As it happens, Williams -- before helping to provide the winning margin for the 1993 budget -- had also helped pass a bill based on the Clinton healthcare plan in a House Ways and Means Committee subcommittee. That should have been two strikes against him in 1994. "I was running on it as an achievement back home in Montana," he says. "I answered a lot of questions from the doubters, but at no time was I apologetic about moving directly and quickly on a healthcare bill." He says the secret to winning nine terms in the House as a Montana Democrat boiled down to staying aggressive. "I never, ever went on the defensive," he says. "The only explaining I ever did was why those who didn't agree with me might be wrong."
- Remember that not passing the bill may hurt as much as passing it
Even if Democrats are able to pass the bill and fend off Republican attacks, some of them will still be defeated in November, and the healthcare fight may well be one of the reasons why. That doesn't necessarily mean wavering lawmakers ought to throw their hands up and vote "no" out of fear. For one, even Democrats who voted against the bill last fall are still being blamed for its survival. A recent Public Policy Polling survey found that only 30 percent of Rep. Dan Boren's Oklahoma constituents realize he voted against the bill -- and he's barely ahead of his Republican opponent among the 32 percent of voters who think he supported it. If you're going to be attacked for supporting the bill whether you actually did or not, voting against it won't protect you.

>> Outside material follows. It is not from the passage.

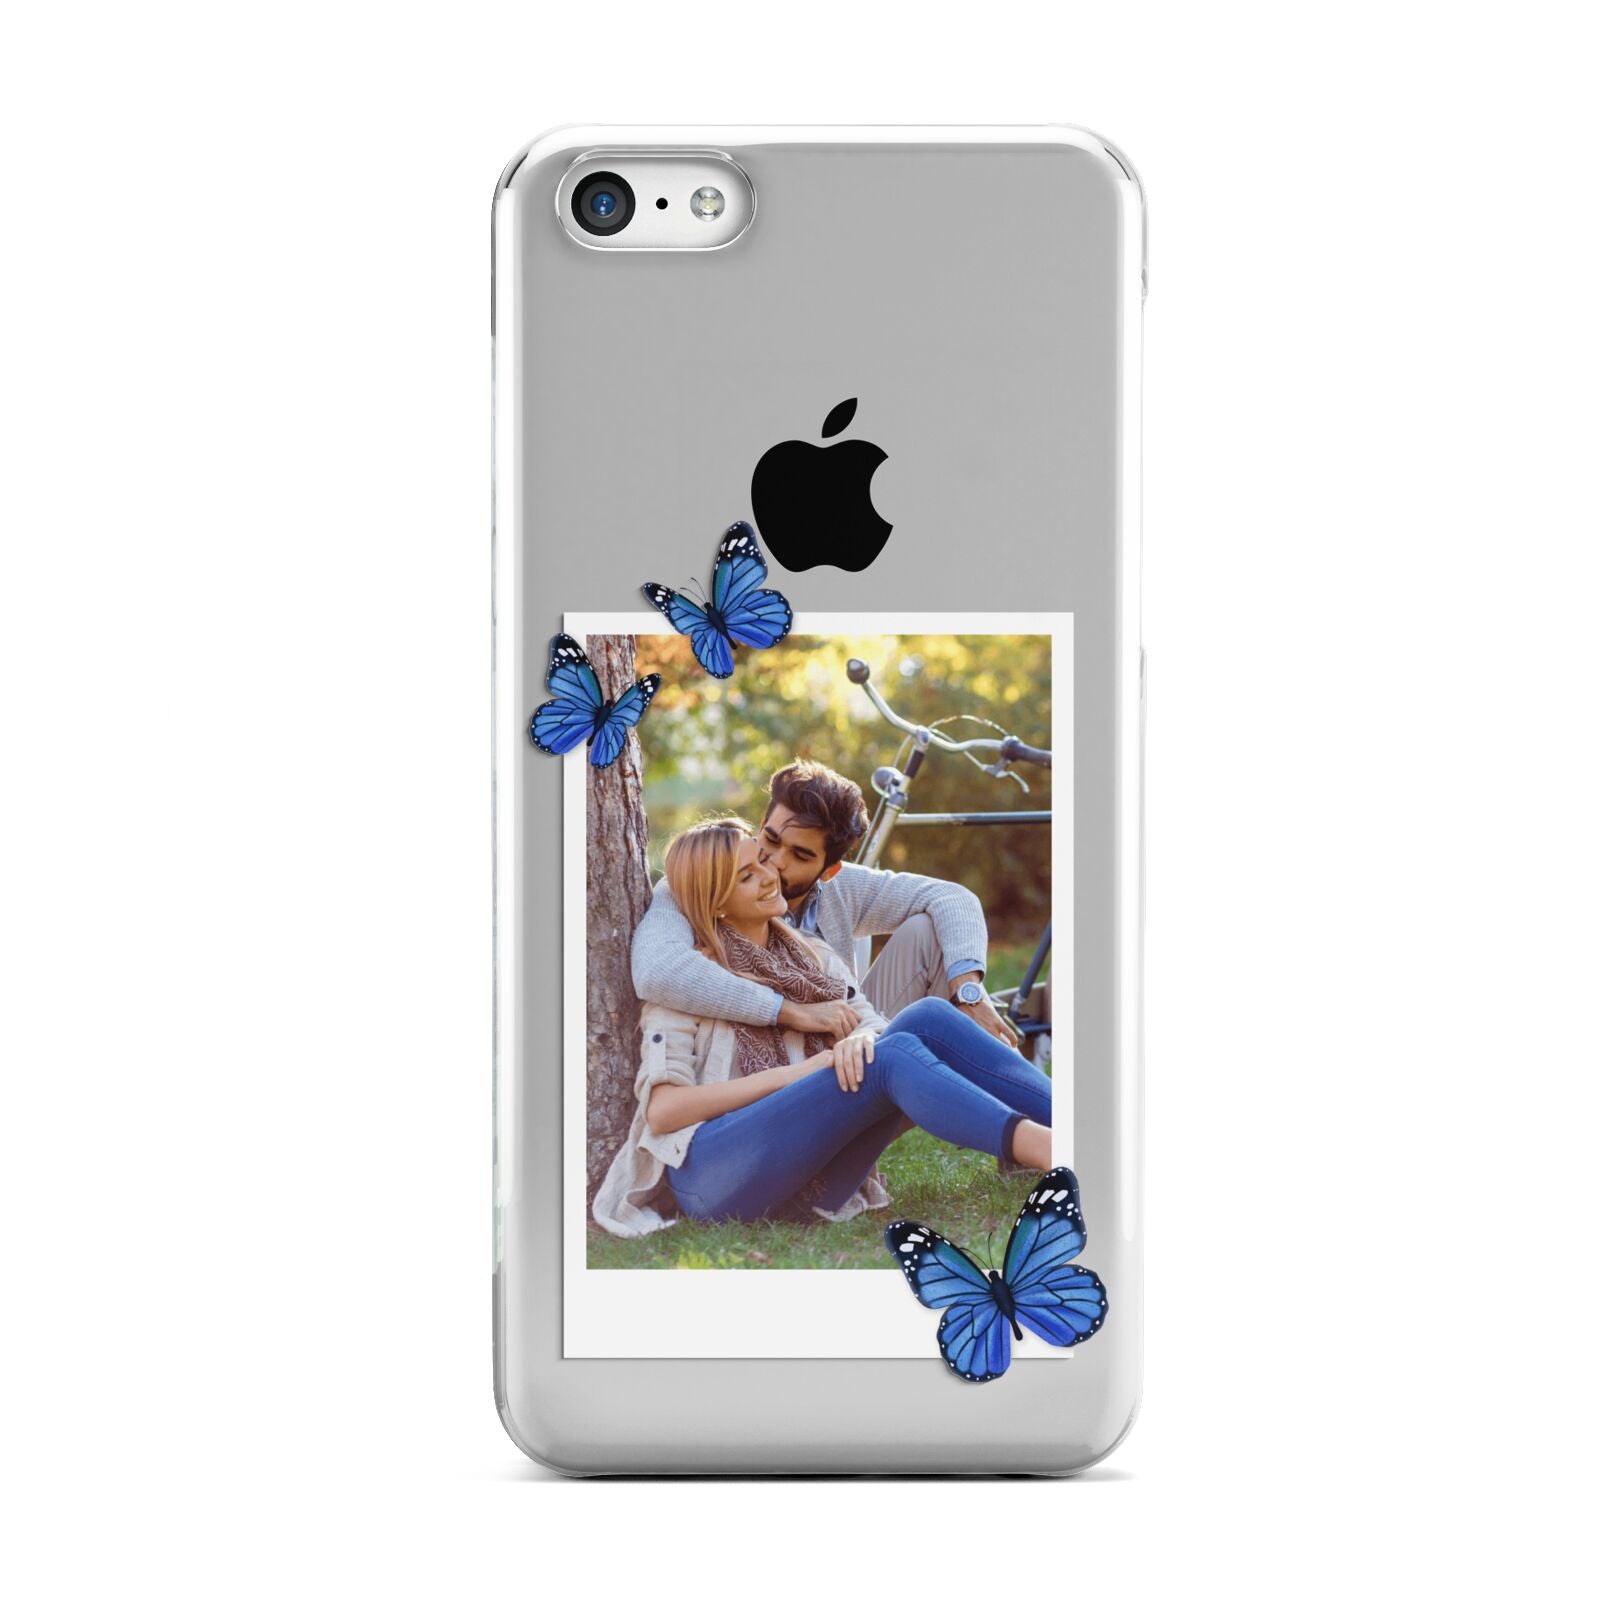 Polaroid Photo Apple iPhone 5c Case

In fact, voting no also means key Democratic allies who want to pass the bill may not help you out come November. "Decisions aren't made on a single issue alone, but if members stand up for working families on healthcare, it is much more likely we will have their back when they need it," says AFL-CIO spokesman Eddie Vale. "The converse is true as well: If folks in tough races think they can ignore working families' needs on healthcare, they may have the favor returned when they come asking for help for their election."
And in the end, if voting for the bill means millions of people get access to healthcare -- but you lose your seat -- that might not be the end of the world. "There's a difference between leading and being led," Margolies says. "I think you have to decide what is fundamentally right, and not listen to those people who are such extreme naysayers. It has to be done. It has to be completed."